Greg Posner: 36:19: 37:12: I remember, and this was years ago, I had the Microsoft Sidewinder joystick for my computer and I think I was playing a game Midtown Madness 2 and just driving through the streets of San Francisco, hitting bumps and feeling it. It was just like, this is the coolest technology and it would fight you sometimes there. I mean, Microsoft did this years ago. It’s a bummer it’s not in the Xbox controller. I’m sure it will eventually find its way in there based on the feedback Microsoft has, or Sony got. But I just, I mean, this all started with sound, right? The other night I was trying to play Call of Duty, I keep saying Call of Duty because I’m playing it right now, but like with almost no sound on, it just like, it takes away such a big feeling from the game when you don’t hear the bullets like they’re meant to be. It almost feels like it’s a kid’s game. I don’t know if it’s a weird thing to say, but like, It just doesn’t have the same oomph or power that you want it to have. And it’s such a cool time to be a gamer and feeling all these feelings.

Jamie Smith: 37:12: 37:52: Yeah. And another good test of that, I know you said you didn’t have a PS5 yet, but a really good test is if you get a PS5 or you can get hold of the controller. play the game for 10 minutes, some cool headphones, nice audio, wherever it may be. Then mute the game and look at what the pad is doing, how it sounds. And it’s just alien. It just makes no sense what it’s doing. But when the game audio is absent, it makes it sound like that. When the game audio is present, it elevates it. So everything complements each other. And if you’ve got one piece of the pie missing, everything else starts to fall down.

Greg Posner: 37:52: 38:13: It’s like a giant orchestra. Everyone’s got to be in sync. So I have a couple more questions. First one is going to be kind of a basic one, but what did you want to be when you grew up? And a lot of times I talk to, again, customer success people who aren’t dreaming of being a communication person in gaming, but maybe you did dream of making games, but where did you want to be when you were growing up other than James Bond?

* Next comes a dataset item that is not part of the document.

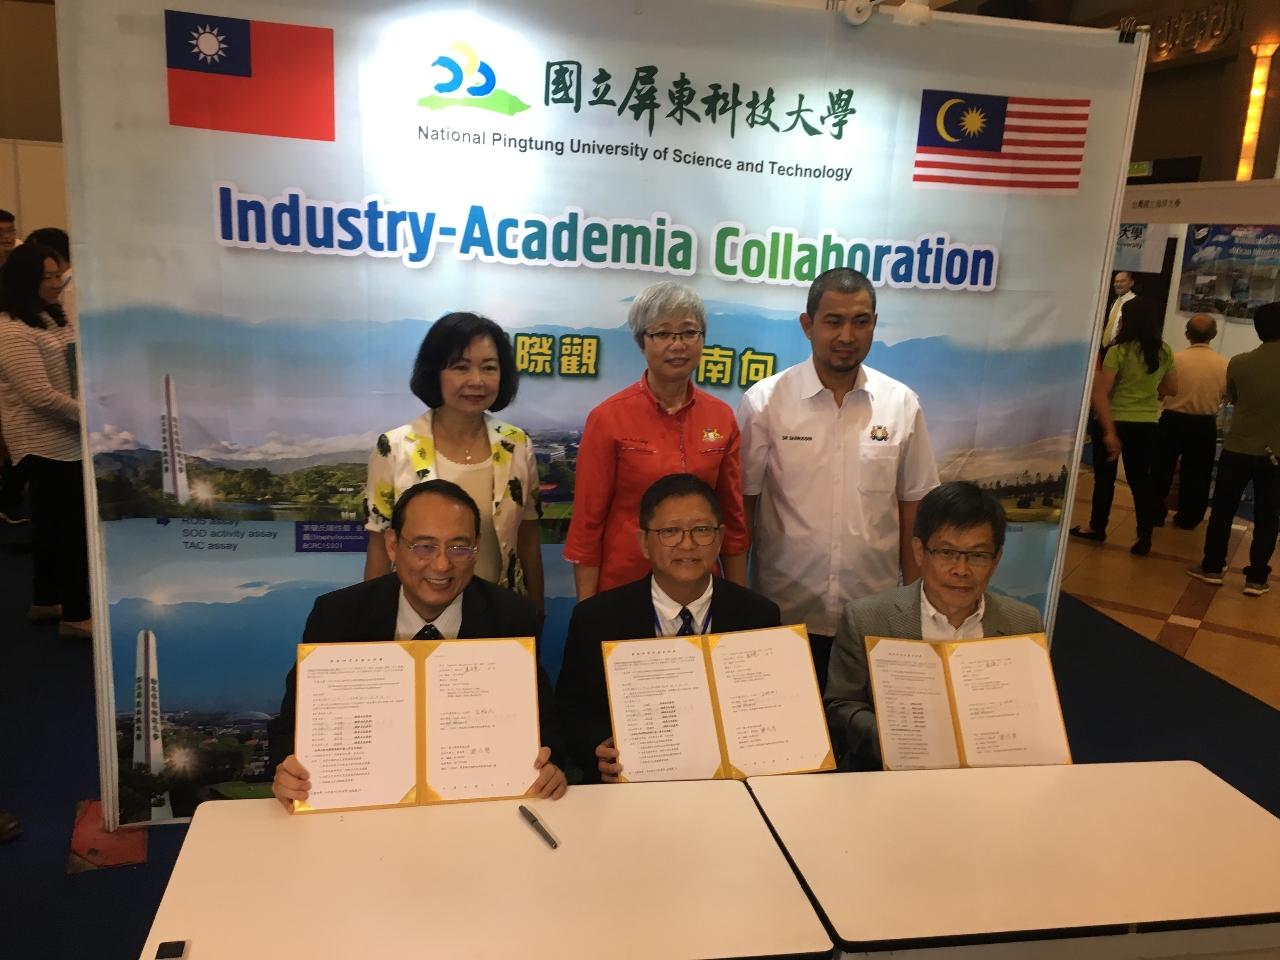 Representative Anne Hung (back row, left), Deputy Speaker of Johor State Legislative Assembly
for Penggaram Gan Peck Cheng (back row, center) and Dr Sahruddin Bin Jamal Chairman of the State Health, Environment and Agriculture Committee (back row, right) witnessed the signing of letter of intent for cooperation between National Pingtung University of Science and Technology and Pingtech, an enterprise of alumnus of National Pingtung University of Science and Technology.

Jamie Smith: 38:15: 39:06: Yeah, definitely James Bond. For most people, especially kind of younger guys in the UK, big kind of football fans, as in soccer. So most people kind of age five to 15, you know, think they’re going to turn pro. And the reality is it’s a fraction of a percent of people who even get to turn professional, nevermind playing the Premier League. So that’s definitely one aspect of it. But probably towards my kind of mid-teens, the viability of a career in not just games, but tech in general was kind of kind of cropping up. Obviously the school teachers and the career advisors never really mentioned that kind of stuff. They said about the army and, you know, becoming a teacher or the police or something. But yeah, I’d probably say a footballer and then transitioned into what I’ve become kind of now more of a designer creative type.

Greg Posner: 39:06: 39:10: Did something lead you in that direction?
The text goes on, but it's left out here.